The problem with Paula

Paula announces the unthinkable

Paula Deen, America’s number one advocate for butter awareness, took on a new cause last Tuesday. She began promoting the Danish pharmaceutical company that makes Victoza, a medication for Type 2 diabetes.

Surprising absolutely no one, Deen also revealed she had been living with and hiding the condition for three years.

Finding out a woman who replaced an English muffin with doughnuts on a breakfast sandwich has health problems is like when someone on “I Didn’t Know I Was Pregnant” turns out to be pregnant and has a baby in the toilet.

We all saw it coming.

Deen told reporters she doesn’t blame herself. More surprisingly, she hasn’t made and won’t be making any major lifestyle changes. She also claimed that, although she has always had a decadent disposition, she only ever ate her Southern cuisine in moderation.

It can be argued, however, that there is no level of moderation in which you can deep-fry a cheesecake and think about eating any of it without potentially sending yourself into a food-induced existential crisis.

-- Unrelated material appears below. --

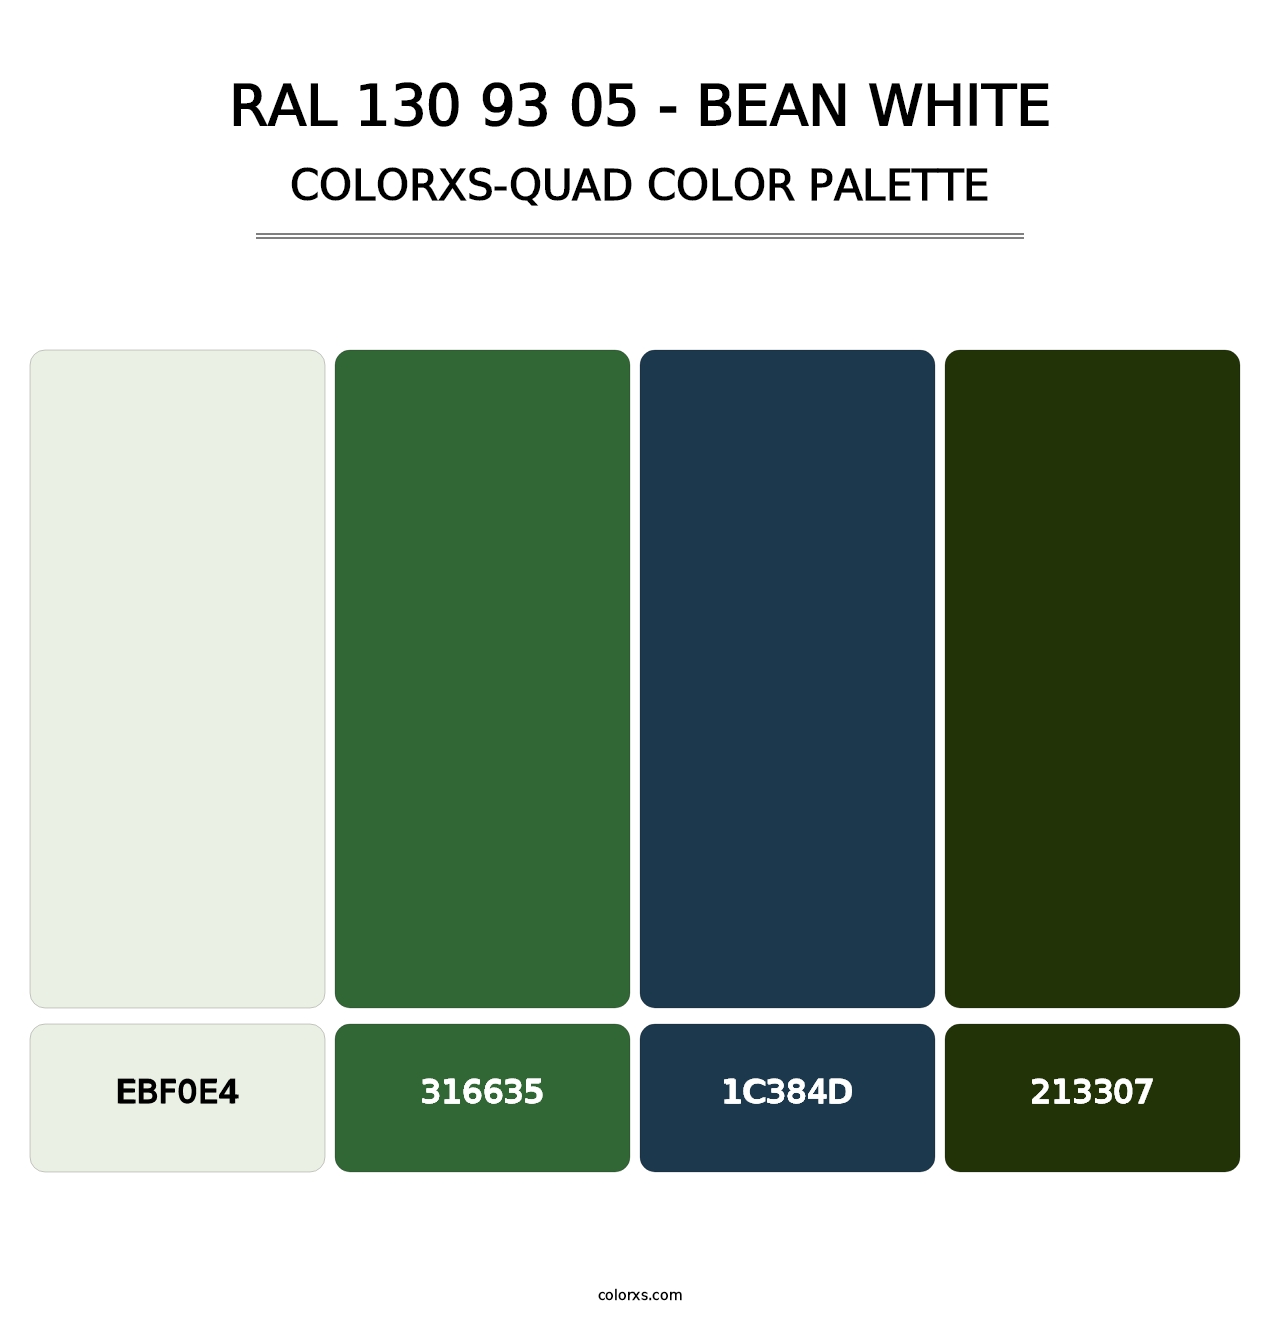 RAL 130 93 05 - Bean White - Colorxs Quad Palette
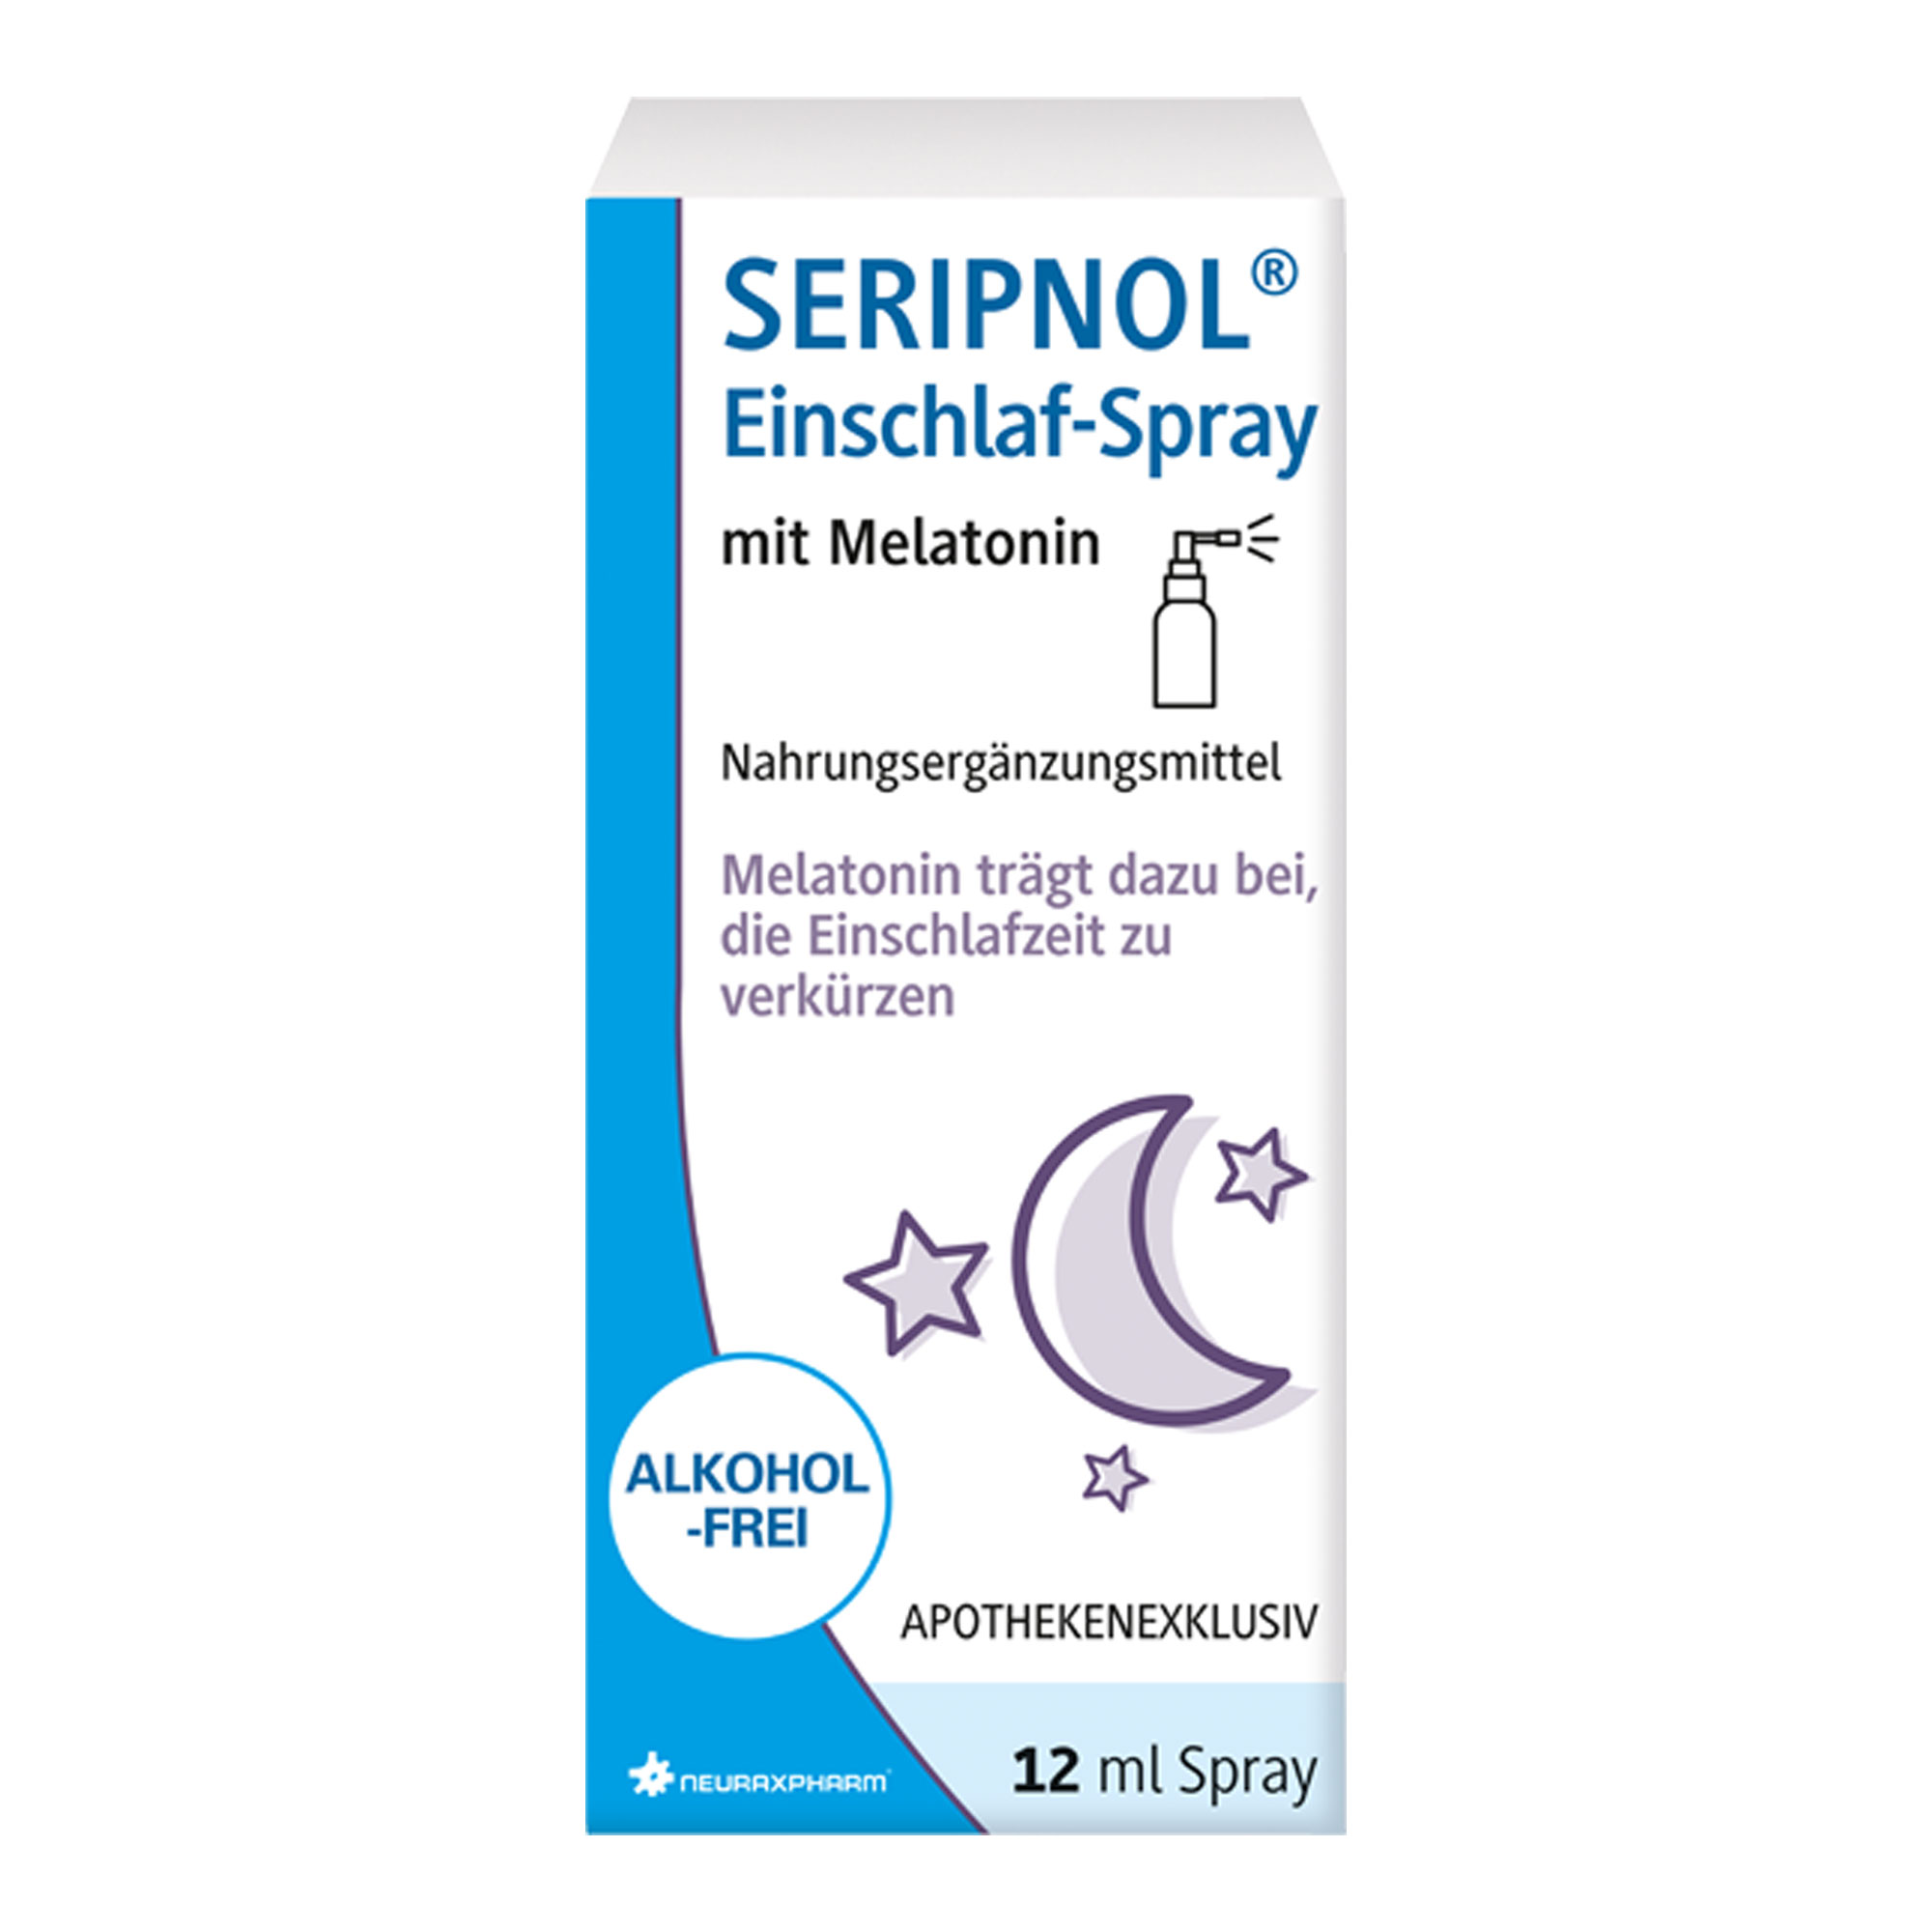 Seripnol Einschlaf-Spray mit Melatonin

A typical recipe of hers is Paula’s deep-fried lasagna. Said to serve 15, the meal contains eight cups of full-fat cheese, which — if you do the math — is about half a cup of cheese per person.

Deen’s glib dismissal of her own potentially life-threatening condition speaks to a distinctly American mindset — consume what you want when you want it and dismiss your unhealthy lifestyle until it becomes a problem.

Generally, when we talk about sustainability, we think of it in a global, environmental context. We also have to consider when our own lifestyles are literally not sustainable.
Nevertheless, as consumers, we have to take into consideration that Paula “deep-fried stuffing on a stick” Deen is more than a person.

She is a TV personality and a brand, and were she to dismiss her unhealthy lifestyle and 13 years on the Food Network, it would be detrimental to her brand’s sustainability, a business that will certainly outlive her and continue to support her family in years to come.

As a brand, Paul Deen is not going to switch from sugar to Splenda, but as a person managing a disease, she has probably made some significant changes to her diet she is choosing not to make public.